OK, the problem or the situation I am facing is that some of the fish I am getting are hiding in the rock and i don't see them eating, I donut know if they are dead or not. The star polyp I got like 2 weeks ago is not opening, it only opens 2 or 3 stars once in a while.

So if you guys have any suggestions for me or any other questions for me to ask myself, i really want to learn, have a great tank, and reduce my fish loss. 

Thanks,

Ricky


----------



## usmc121581 (Jul 31, 2006)

How long has the tank been setup? Also did you let it cycle? And, what are the water parameters?


----------



## rickyjmg (Jun 28, 2007)

*time established*



usmc121581 said:


> How long has the tank been setup? Also did you let it cycle? And, what are the water parameters?
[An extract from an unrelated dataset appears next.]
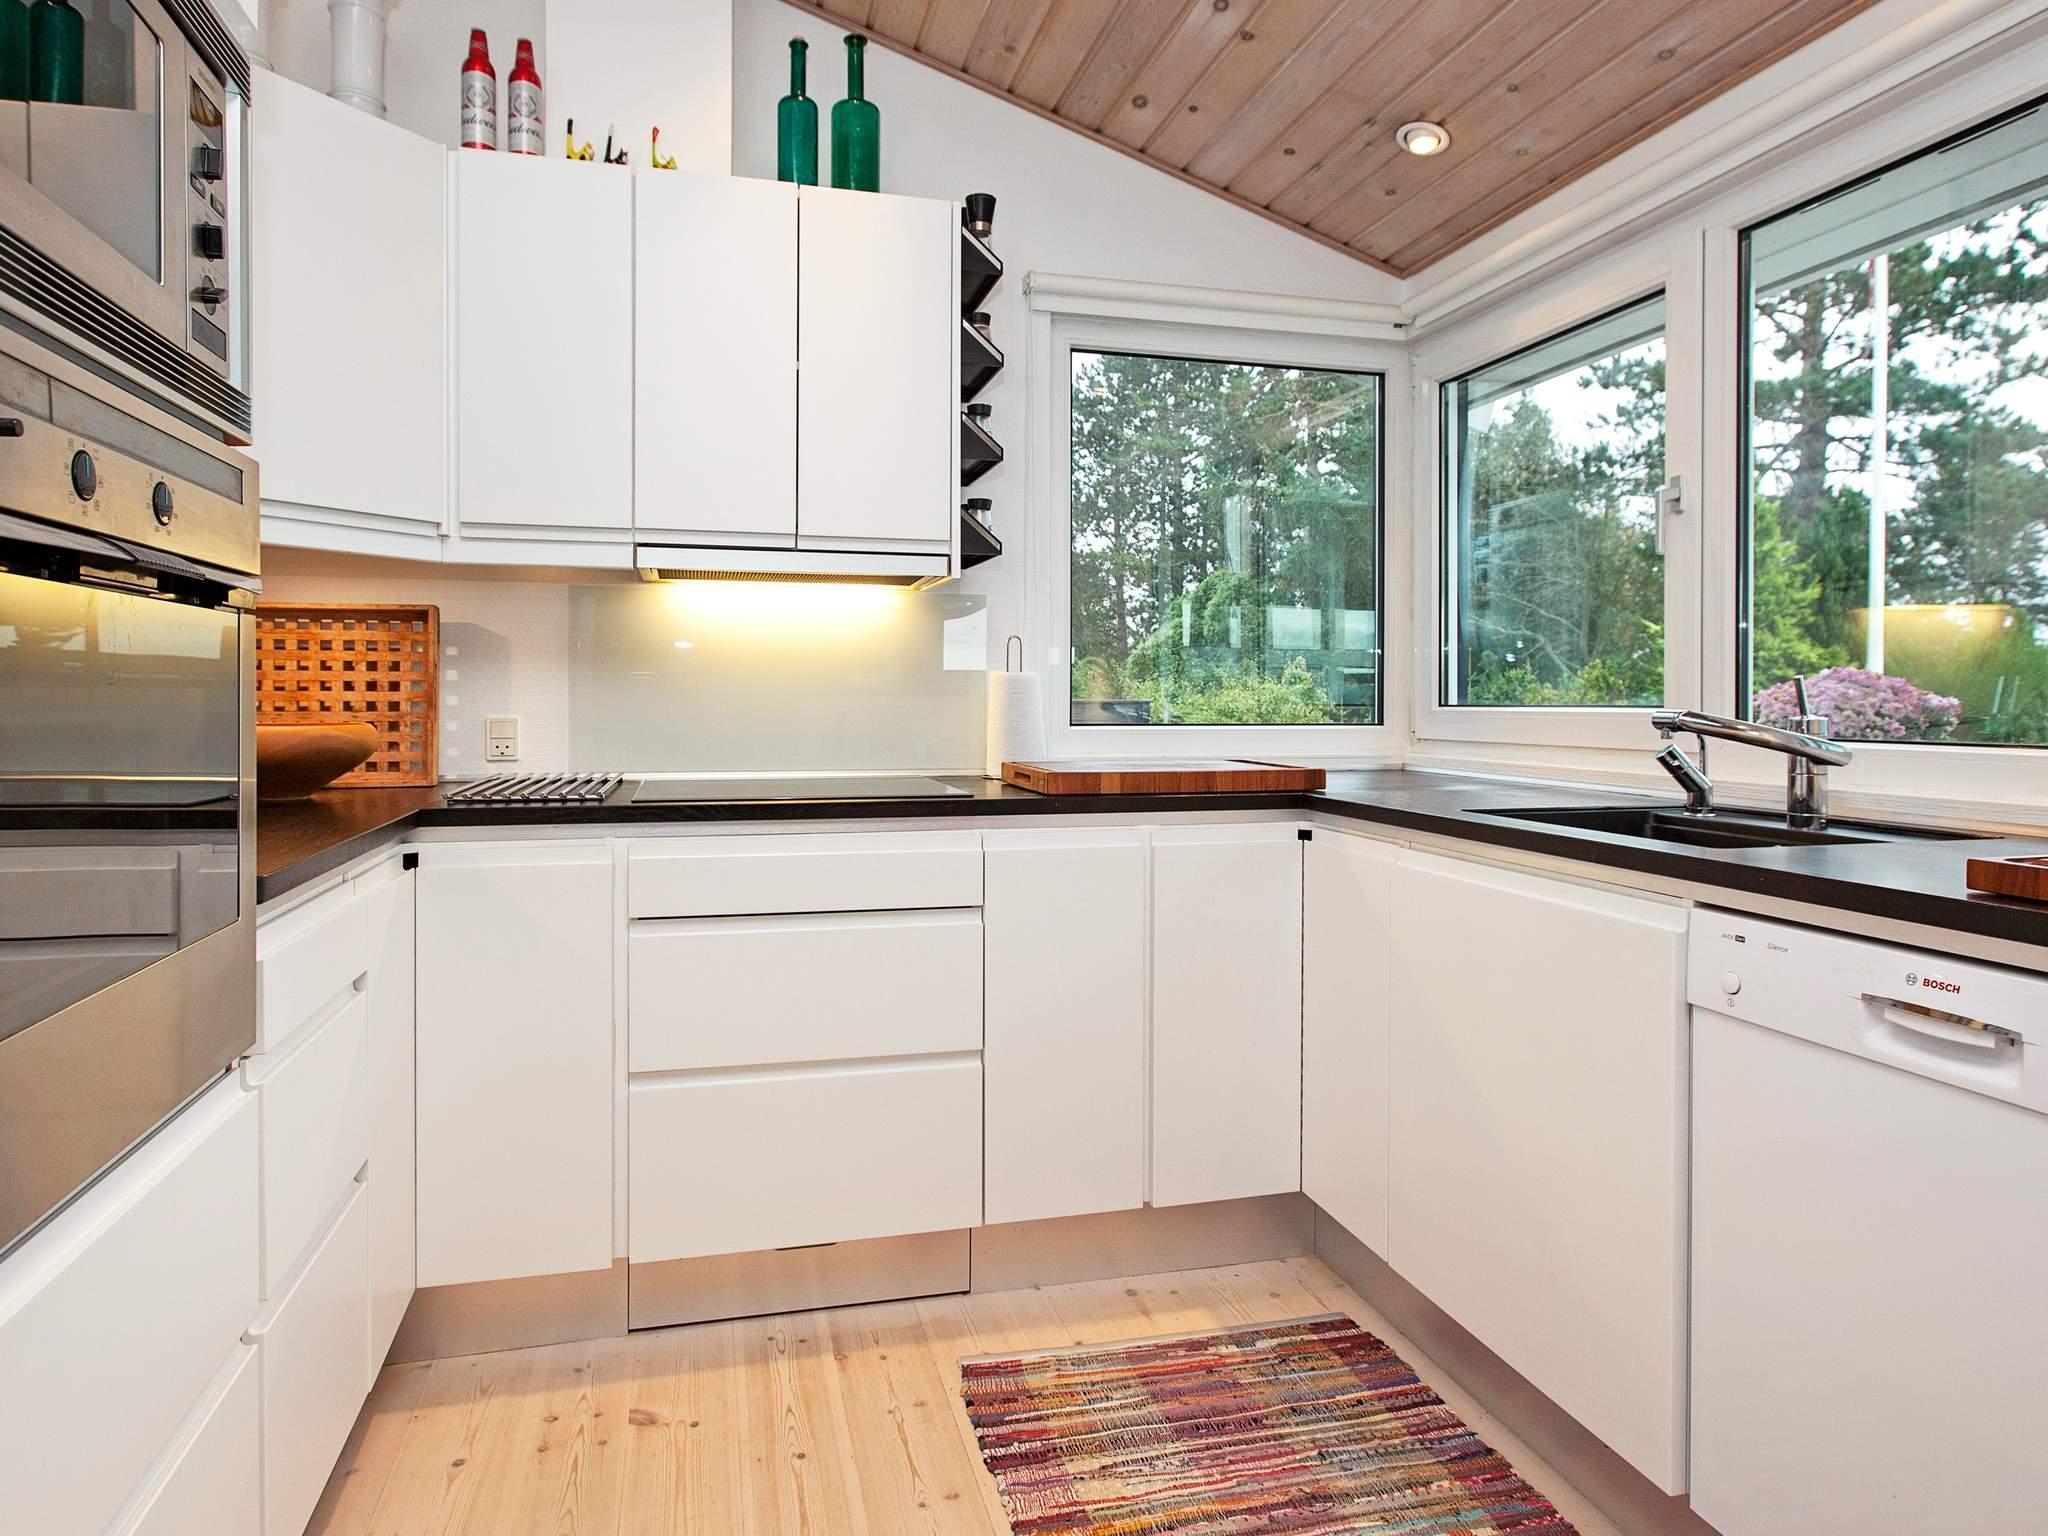 Ferienhaus Lyngsbæk Strand (456410), Ebeltoft, , Ostjütland, Dänemark, Bild 9

my tank has been setup for about 2 months. and yes i let it cycle for about 3-4 weeks.

By water parameters,yo mean water conditions salt, ph, etc... 
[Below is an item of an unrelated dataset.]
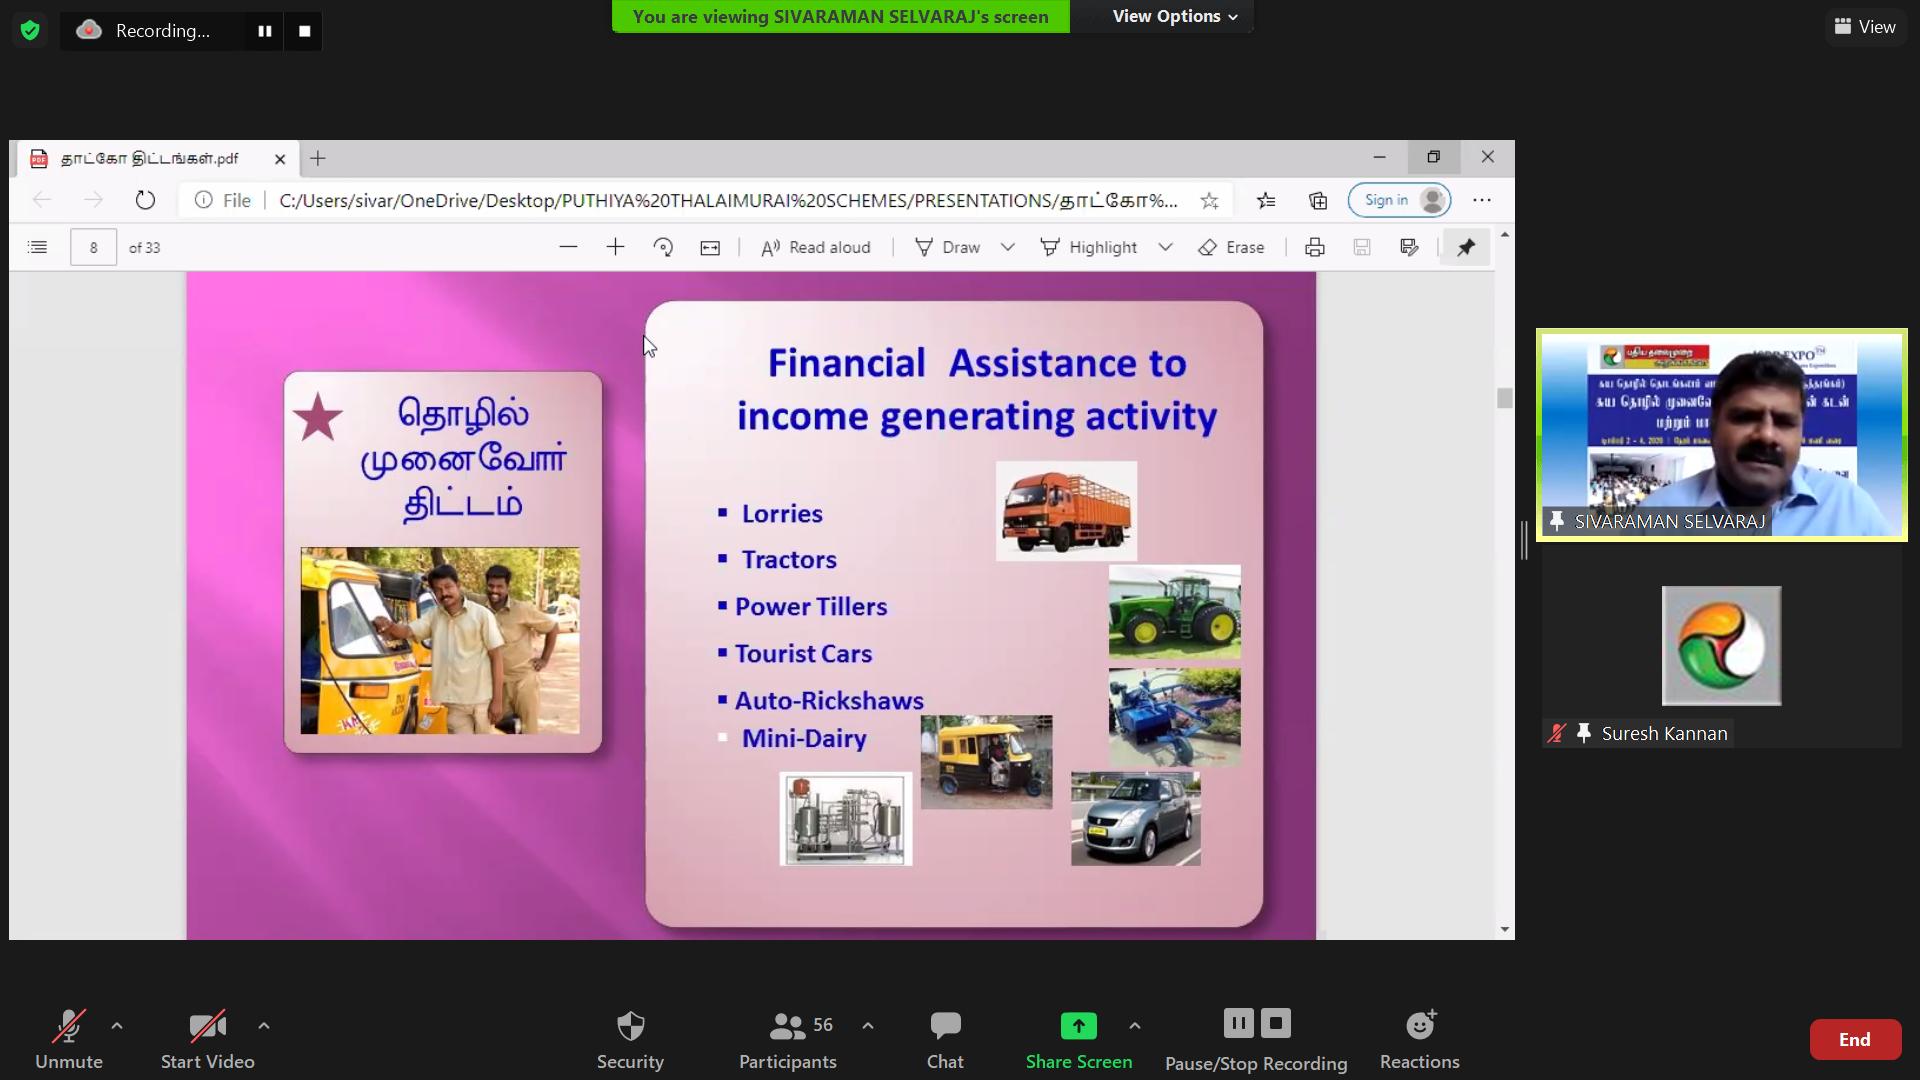 Financial Assistacne

so, if it is that my water condition appears to be great, i did some tests myself and it was great and I also took it to the store i usually go to and it was fine. 

I really dont know why some of my stock is not doing good.


----------



## Lupin (Aug 2, 2006)

*Re: time established*



rickyjmg said:


> By water parameters,yo mean water conditions salt, ph, etc...


Welcome to Fishforum.com.:wave:

Ammonia, pH, nitrites, nitrates, salinity and calcium.


> so, if it is that my water condition appears to be great, i did some tests myself and it was great and I also took it to the store i usually go to and it was fine.
> 
> I really dont know why some of my stock is not doing good.


What are the results of your tests? Use liquid test kits for accurate results.


----------



## rickyjmg (Jun 28, 2007)

I did some more research yesterday and i figured it out. My water temperature is over 82 degrees and I need a chiller. I m going to try to find it used or just going to have to buy a new one because i dont want to loose more fish.

The lights during the day are putting too much heat ( power compacts)
no ventilation in the room and the a/c off. so i'm going to leave the a/c on the whole day while I find a chiller for the tank

if any of you guys have any suggestionsof what else I can do let me know.


----------